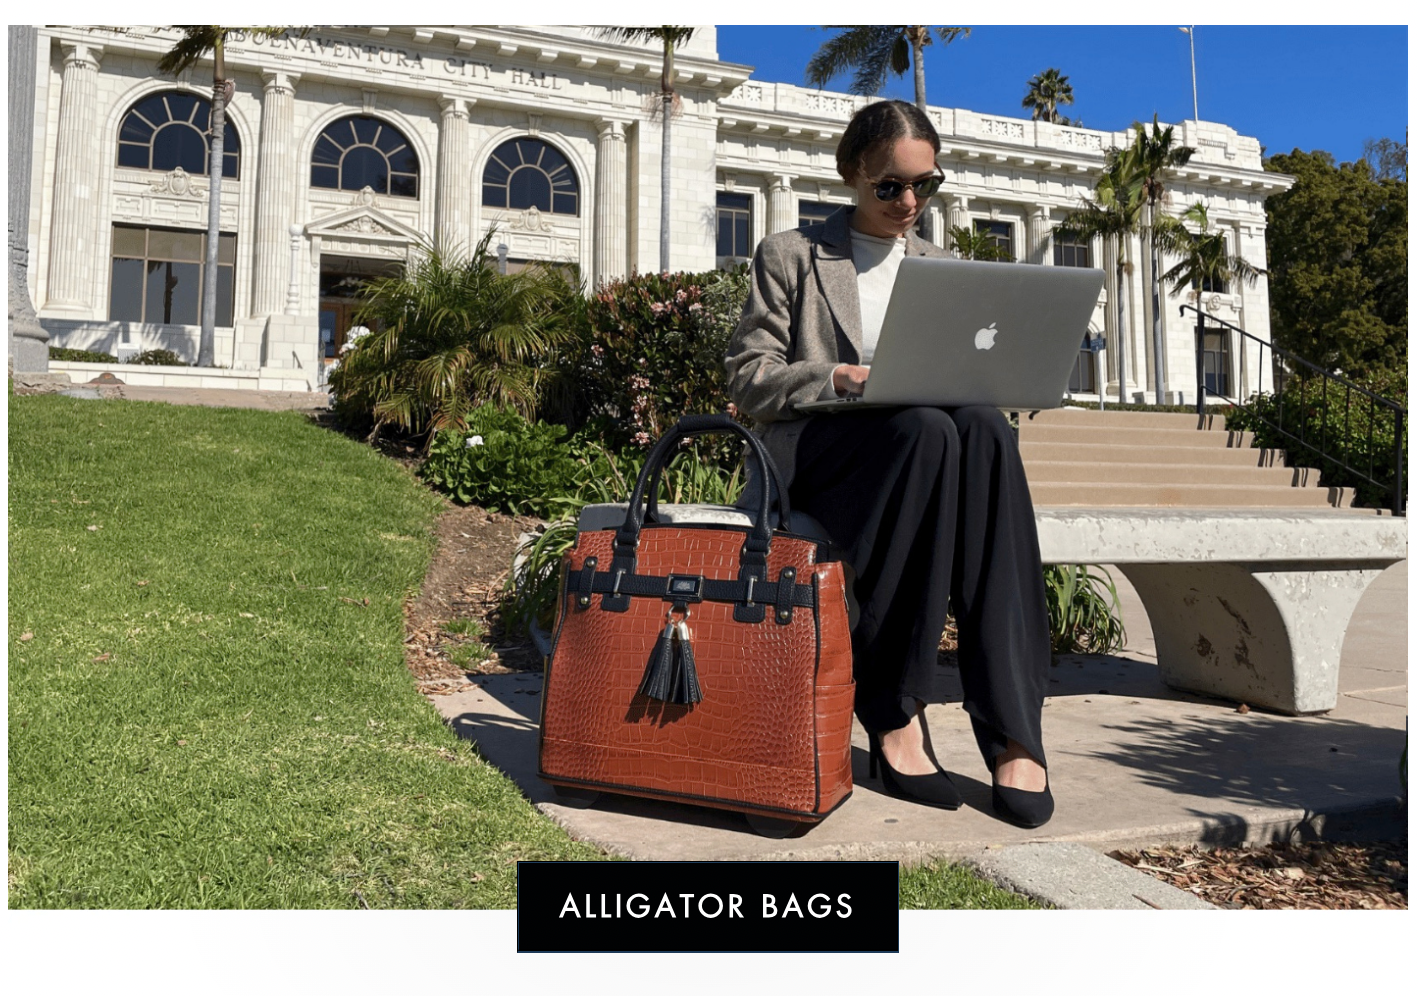 Business Rolling Laptop Bag  Custom Rolling Handbags - JKM and
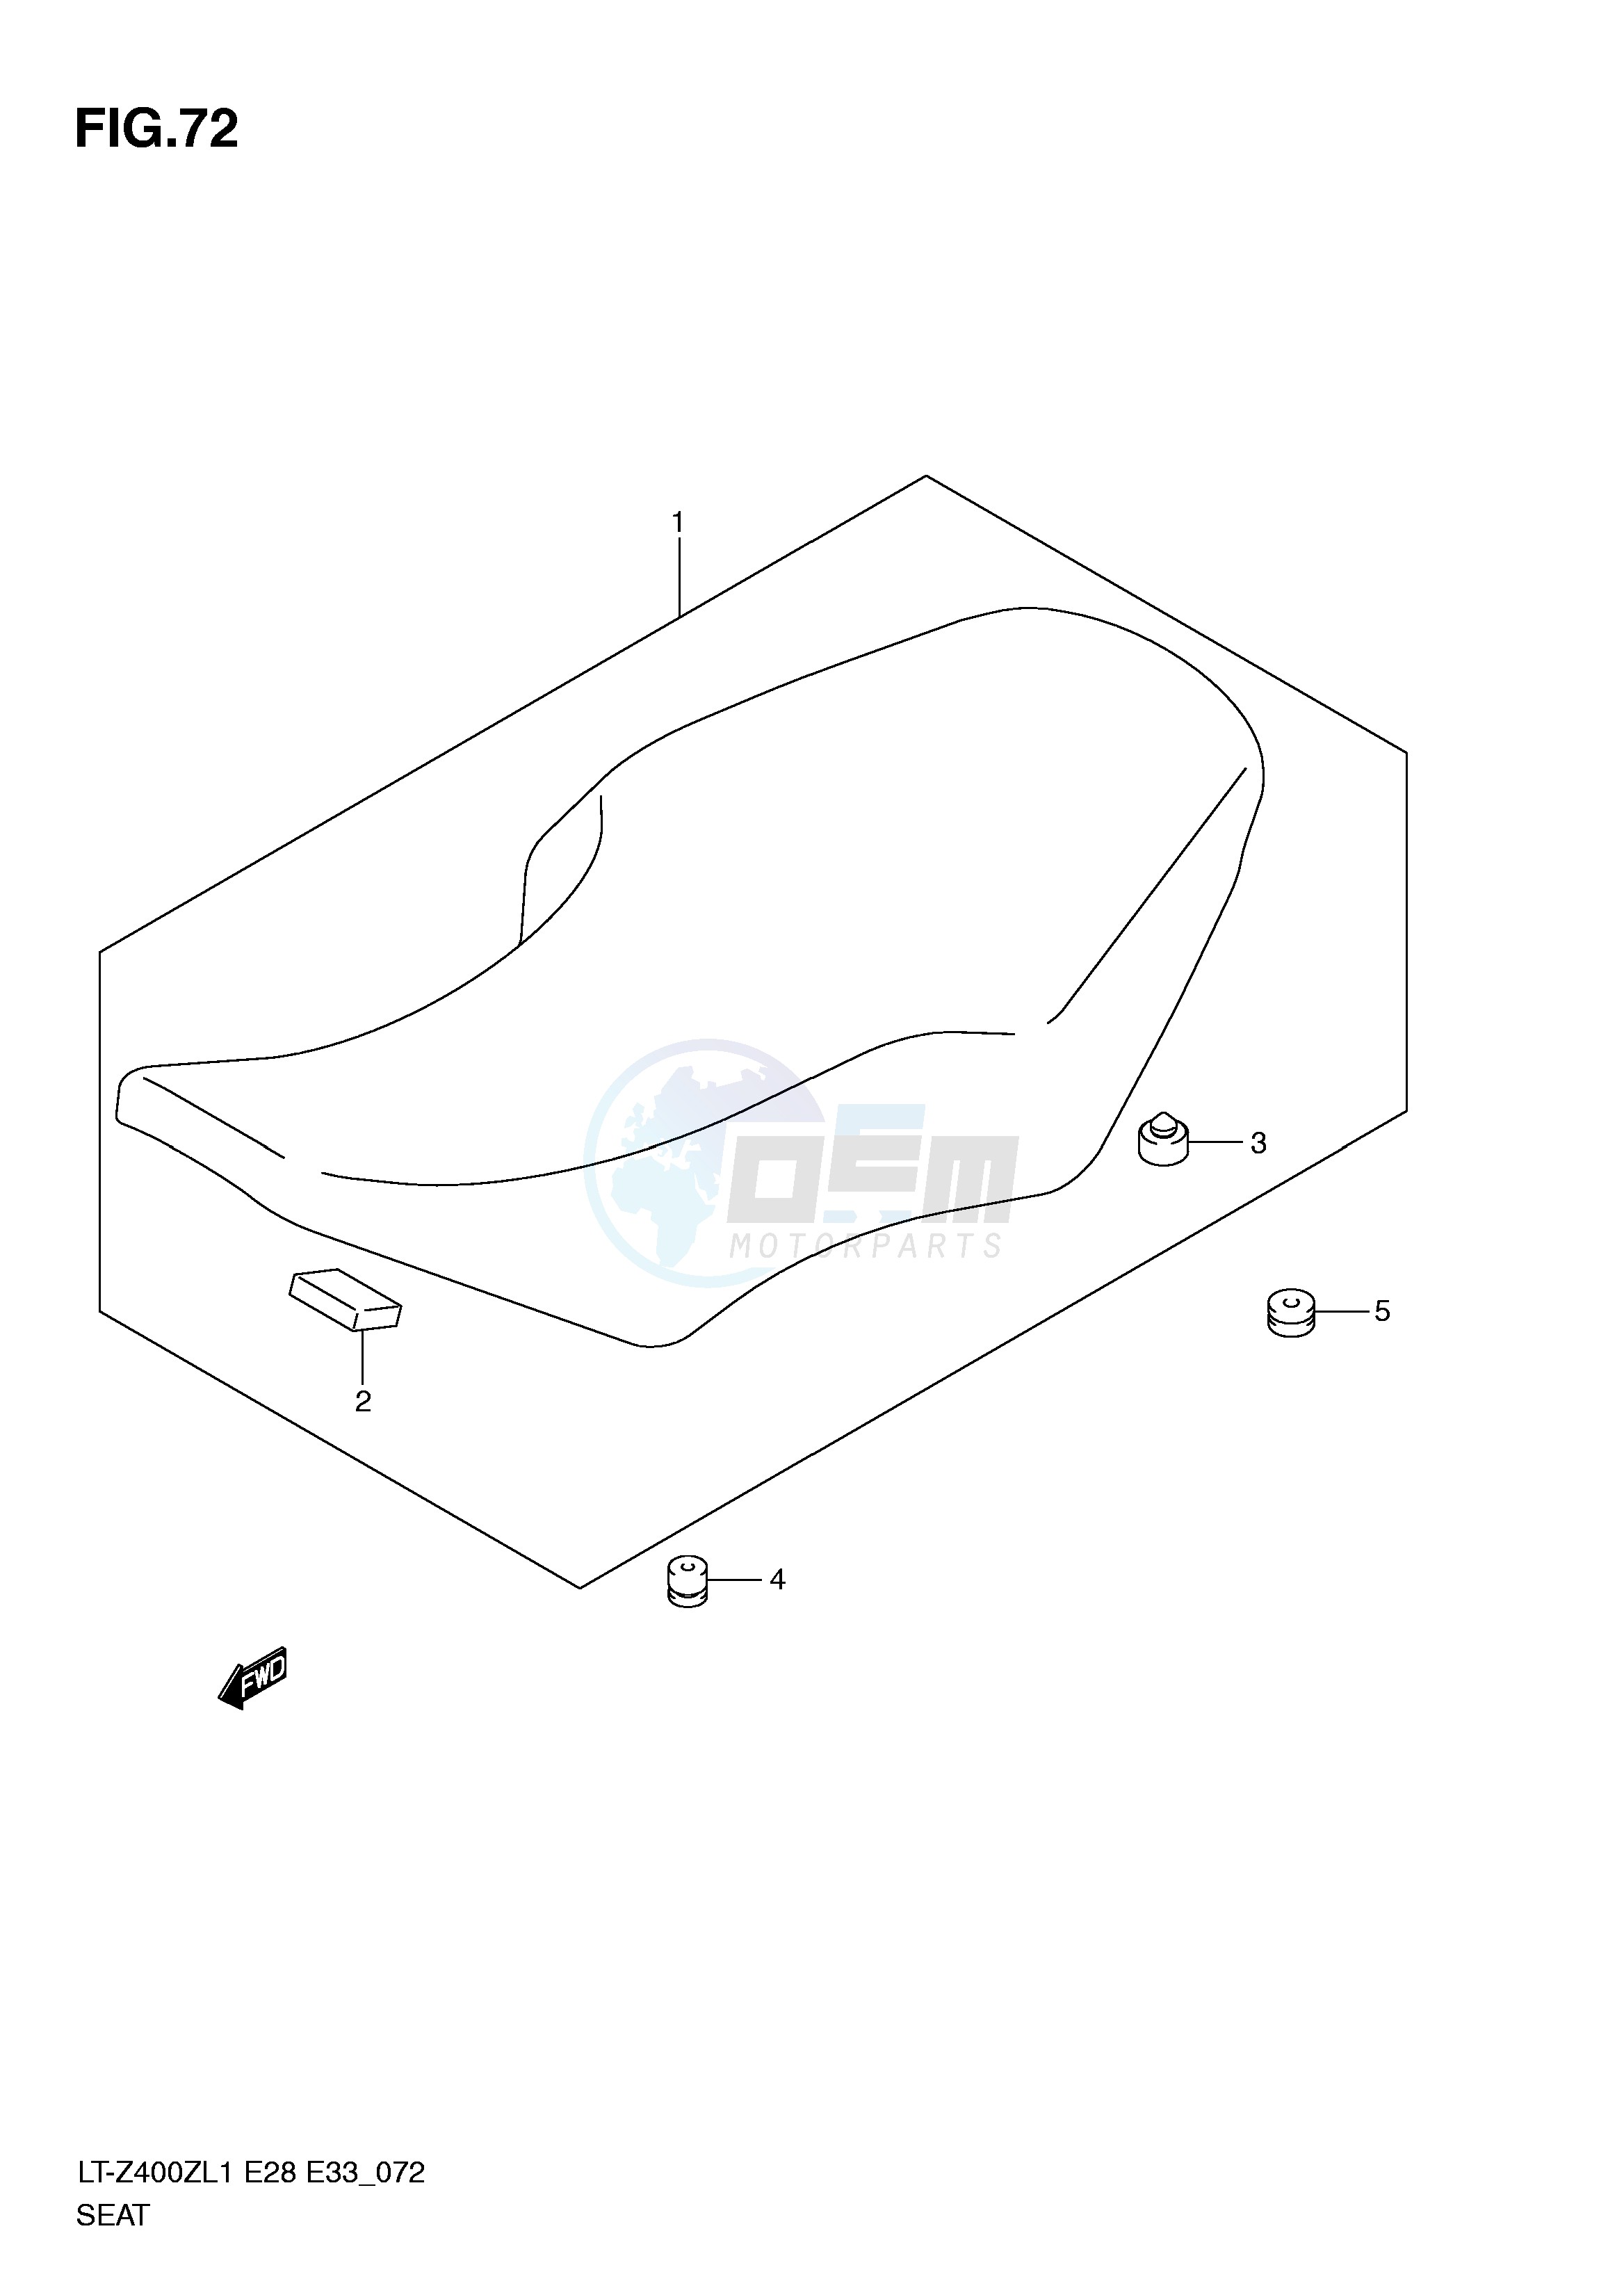 SEAT (LT-Z400L1 E28) blueprint
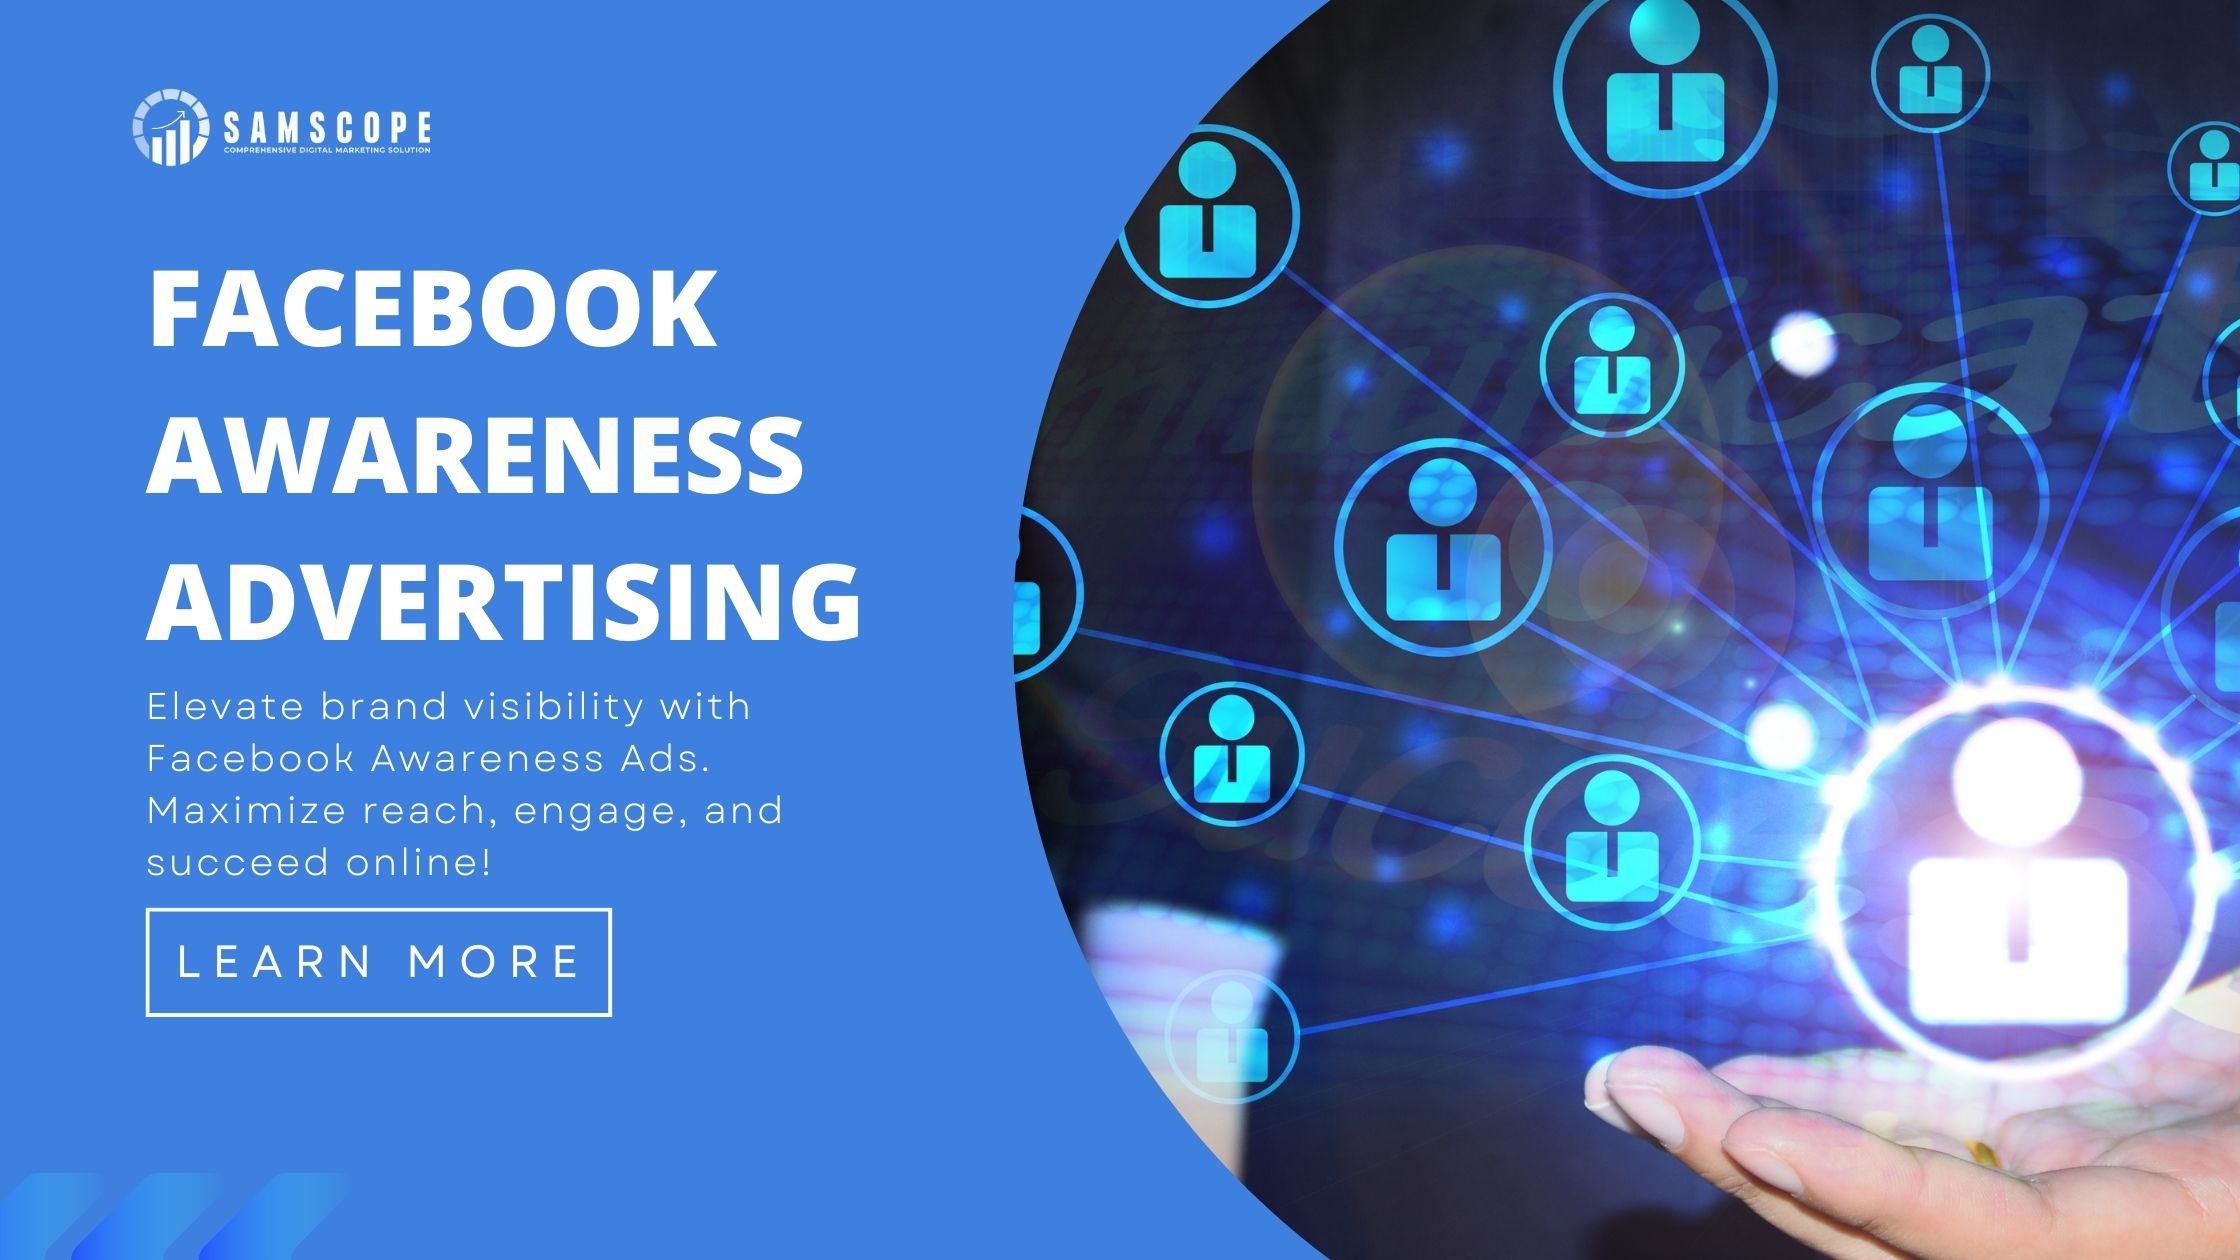 Facebook Awareness Advertising Empowers Brands
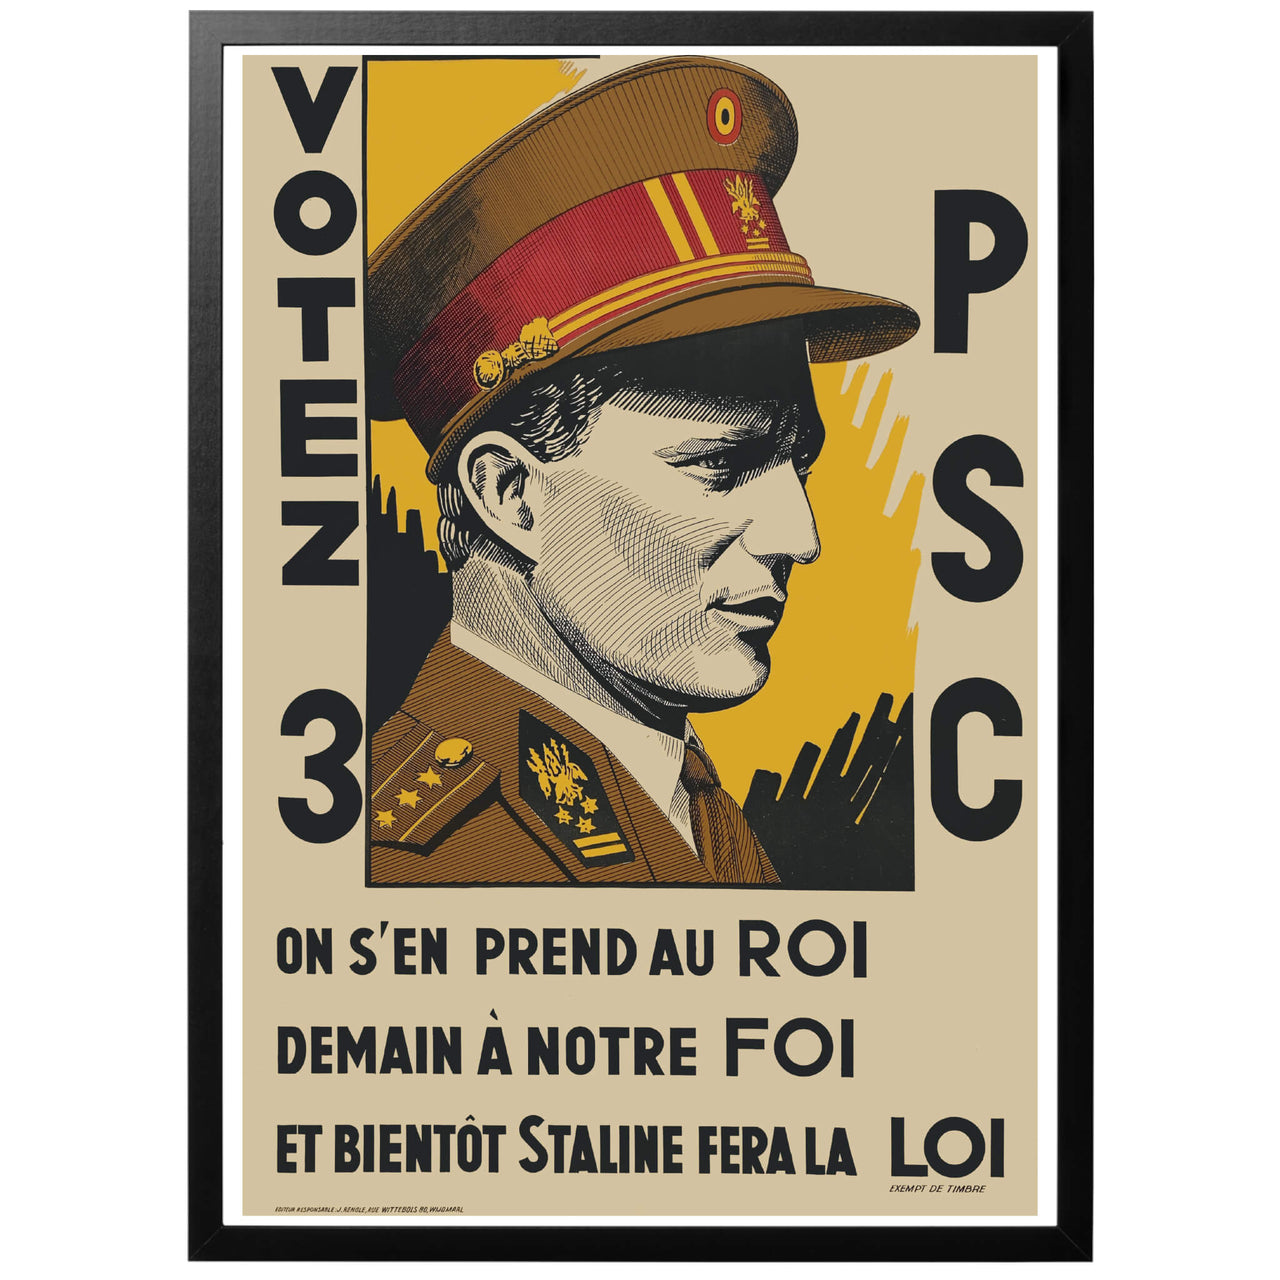 Votez 3 PSC Poster

■ **Task**:
Working from the line containing "Facebook Awareness Advertising" to the last line of the data, retype every line exactly, both ends included, and leave out all pictures.

■ **Your solution**:
 Facebook Awareness Advertising Empowers Brands
 Votez 3 PSC Poster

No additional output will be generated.